Designed for GitHub PR comments and step summaries:

maida assert --baseline baseline.json --format markdown
## ❌ Maida gate: agent behavior regressed

**1 of 4 checks failed** · run `a1b2c3d4` vs baseline `e5f6a7b8`

| Check | Expected | Actual | Details |
|---|---|---|---|
| ❌ `no_loops` | — | 2 | 2 loop warning(s) detected |

<details>
<summary>✅ 3 passing checks</summary>
...
</details>

### What changed vs baseline

| Metric | Baseline | Current | Change |
|---|---|---|---|
| tool_calls | 10 | 14 | +40% |
| loop_warnings | 0 | 2 | NEW |

**Tool changes:**
- ➕ `web_search` — new tool, not in baseline

The report leads with the verdict, lists failed checks first with expected vs actual values, collapses passing checks, and — when a baseline is provided — embeds the structural diff and a copy-pasteable local-repro snippet.
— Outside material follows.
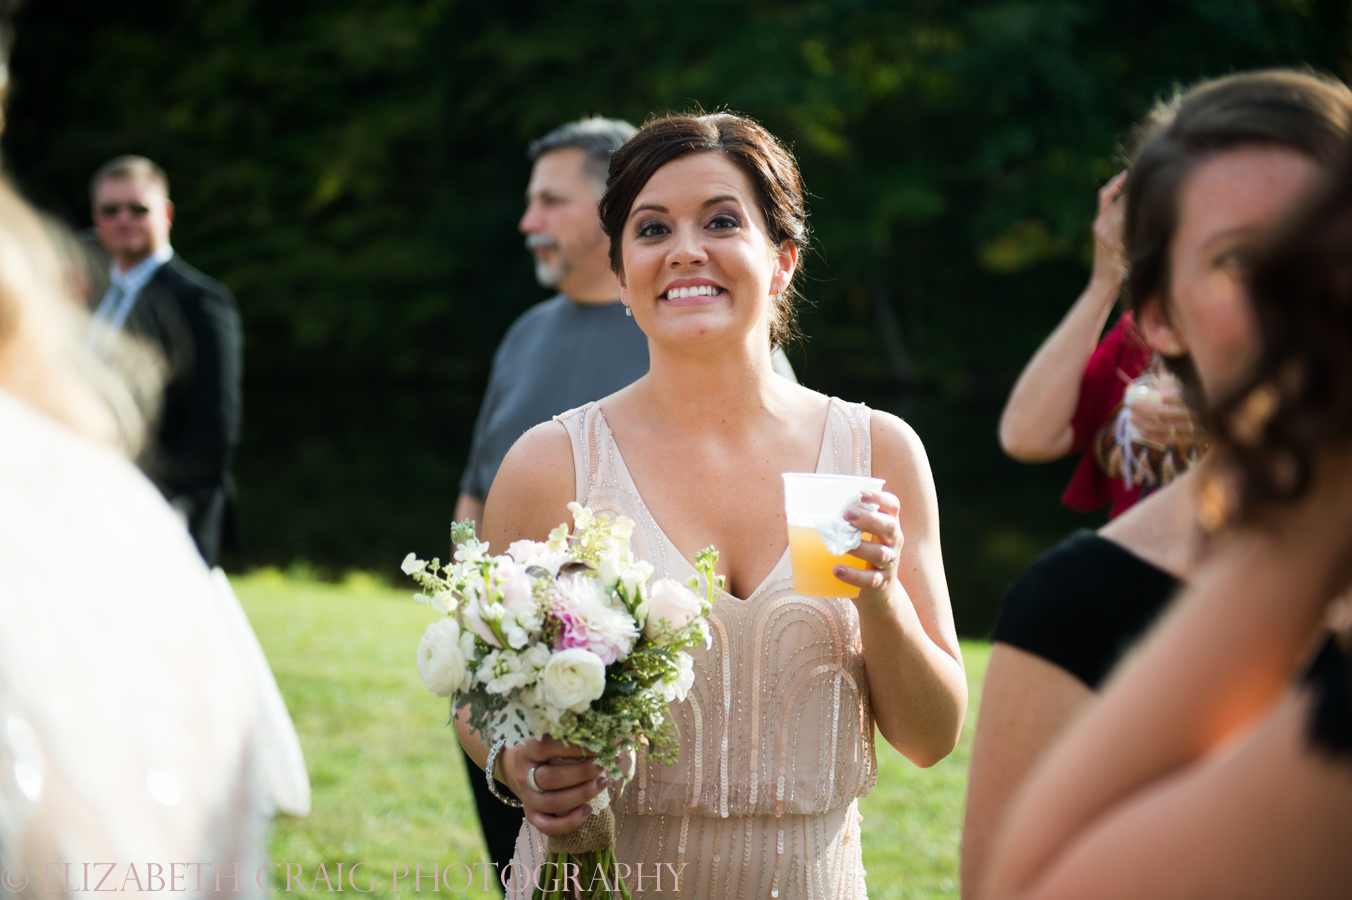 Dubois Brockway St. Marys PA Weddings-0185

Step 4: Drill into failures with diff

When maida assert fails, use maida diff to see exactly what changed.

Diff against a baseline

maida diff --baseline .maida/baselines/my_agent.json

Diff two runs directly

maida diff <RUN_A> <RUN_B>

Sample output

Run comparison: a1b2c3d4 vs e5f6a7b8

Summary:
  total_events: 38 -> 42 (+11%)
  tool_calls: 10 -> 14 (+40%)
  loop_warnings: 0 -> 2 (NEW)

Tool path changes:
  + web_search (new)

Event type distribution:
  LLM_CALL: 8 -> 8
  TOOL_CALL: 10 -> 14 (+40%)
  LOOP_WARNING: 0 -> 2 (NEW)

The diff shows summary-level metric changes, new or removed tools, and shifts in the event type distribution.


GitHub Actions example

The easiest path is the packaged action, maida-ai/maida-assert — scaffold it with maida init --github. It runs your traced agent, asserts the run, and posts the regression report as a sticky PR comment.

To wire it up by hand instead, run your agent in CI, then assert against the checked-in baseline (maida assert picks up the latest run automatically):

- name: Run agent
  run: python my_agent.py

- name: Assert agent behavior
  run: |
    maida assert \
      --baseline .maida/baselines/my_agent.json \
      --format markdown >> "$GITHUB_STEP_SUMMARY"

If the assertion fails, the step exits with code 1 and the markdown report appears in the GitHub Actions step summary.